Same Problem when I try it on google colab.
from transformers import MT5ForConditionalGeneration, MT5Tokenizer
model_size = "small"
model_name = f"persiannlp/mt5-{model_size}-parsinlu-translation_en_fa"
tokenizer = MT5Tokenizer.from_pretrained(model_name)
model = MT5ForConditionalGeneration.from_pretrained(model_name)
def run_model(input_string, **generator_args):
input_ids = tokenizer.encode(input_string, return_tensors="pt")
print(input_ids)
print(len(input_ids[0]))
res = model.generate(input_ids, **generator_args)
print(res)
print(len(res[0]))
output = tokenizer.batch_decode(res, skip_special_tokens=True)
print(output)
sent = "The Iran–Iraq War was a protracted armed conflict that began on 22 September 1980 with a full-scale invasion of Iran by neighbouring Iraq. The war lasted for almost eight years, and ended in a stalemate on 20 August 1988, when Iran accepted Resolution 598 of the United Nations Security Council."
run_model(sent)
Result:
tensor([[ 486, 19255, 1326, 36986, 4576, 639, 259, 262, 731,
99155, 345, 259, 178869, 31320, 533, 390, 2739, 351,
1024, 3258, 17522, 514, 259, 262, 3622, 264, 31749,
259, 154171, 304, 19255, 455, 259, 134309, 347, 259,
36986, 260, 486, 2381, 3167, 345, 332, 259, 262,
28746, 49889, 3127, 261, 305, 259, 57830, 281, 259,
262, 28604, 79328, 351, 628, 3155, 18494, 261, 259,
1909, 19255, 12004, 345, 259, 91698, 147677, 304, 287,
4248, 259, 35577, 19004, 28996, 260, 1]])
79
tensor([[ 0, 10948, 4379, 341, 259, 35125, 343, 2665, 259, 11783,
376, 259, 22838, 7244, 85200, 33040, 376, 3418, 934, 509]])
20
['جنگ ایران و عراق، یک حمله طولانی مسلحانه بود که در']

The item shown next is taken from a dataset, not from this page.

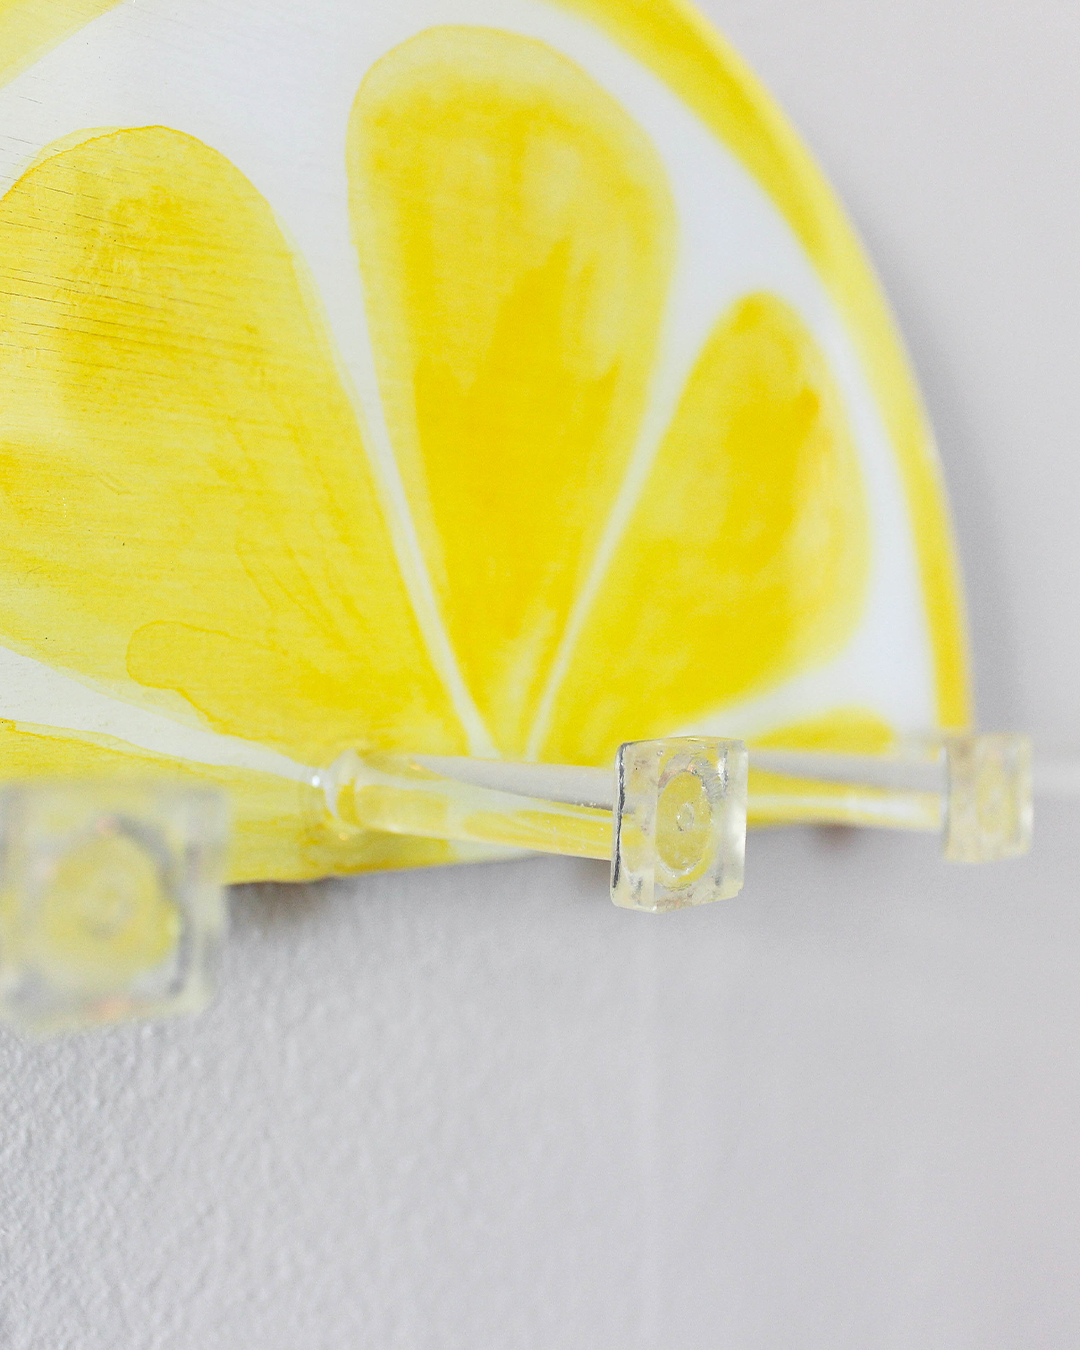 Artisanal lemon slice key holder, blending functionality with a pop of color for modern home decor

You can see the the tokenizer is doing a good job but the model is really limiting the output length. A work around is to add max_length
to the model arguments so it generates more tokens:
def run_model(input_string, **generator_args):
input_ids = tokenizer.encode(input_string, return_tensors="pt")
print(input_ids)
print(len(input_ids[0]))
res = model.generate(input_ids, max_length=100, **generator_args)
print(res)
print(len(res[0]))
output = tokenizer.batch_decode(res, skip_special_tokens=True)
print(output)
Result:
tensor([[ 486, 19255, 1326, 36986, 4576, 639, 259, 262, 731,
99155, 345, 259, 178869, 31320, 533, 390, 2739, 351,
1024, 3258, 17522, 514, 259, 262, 3622, 264, 31749,
259, 154171, 304, 19255, 455, 259, 134309, 347, 259,
36986, 260, 486, 2381, 3167, 345, 332, 259, 262,
28746, 49889, 3127, 261, 305, 259, 57830, 281, 259,
262, 28604, 79328, 351, 628, 3155, 18494, 261, 259,
1909, 19255, 12004, 345, 259, 91698, 147677, 304, 287,
4248, 259, 35577, 19004, 28996, 260, 1]])
79
tensor([[ 0, 10948, 4379, 341, 259, 35125, 343, 2665, 259,
11783, 376, 259, 22838, 7244, 85200, 33040, 376, 3418,
934, 509, 1024, 15140, 636, 68820, 18430, 122748, 768,
2741, 130744, 8878, 572, 695, 4379, 554, 259, 13361,
259, 35125, 259, 17213, 3164, 260, 10948, 22625, 59491,
259, 37033, 3037, 259, 22838, 20275, 1555, 341, 509,
3939, 2408, 259, 27895, 48129, 153840, 259, 26598, 259,
14594, 343, 259, 5143, 406, 4379, 259, 9898, 259,
13727, 1845, 14727, 6916, 572, 916, 259, 30887, 3716,
260, 1]])
83
['جنگ ایران و عراق، یک حمله طولانی مسلحانه بود که در 22 سپتامبر ۲۰۸۰ با تهاجم کامل از ایران به توسط عراق شروع شد. جنگ تقریبا هشت سال طول کشید و در بیست اوت ۱۹۸۸ پایان یافت، وقتی ایران مجلس امنیت سازمان ملل را قبول کرد.']
max_length
is None
by default so there should not be any limit to how many tokens the model generate so I am not sure why this problem exists in the first place.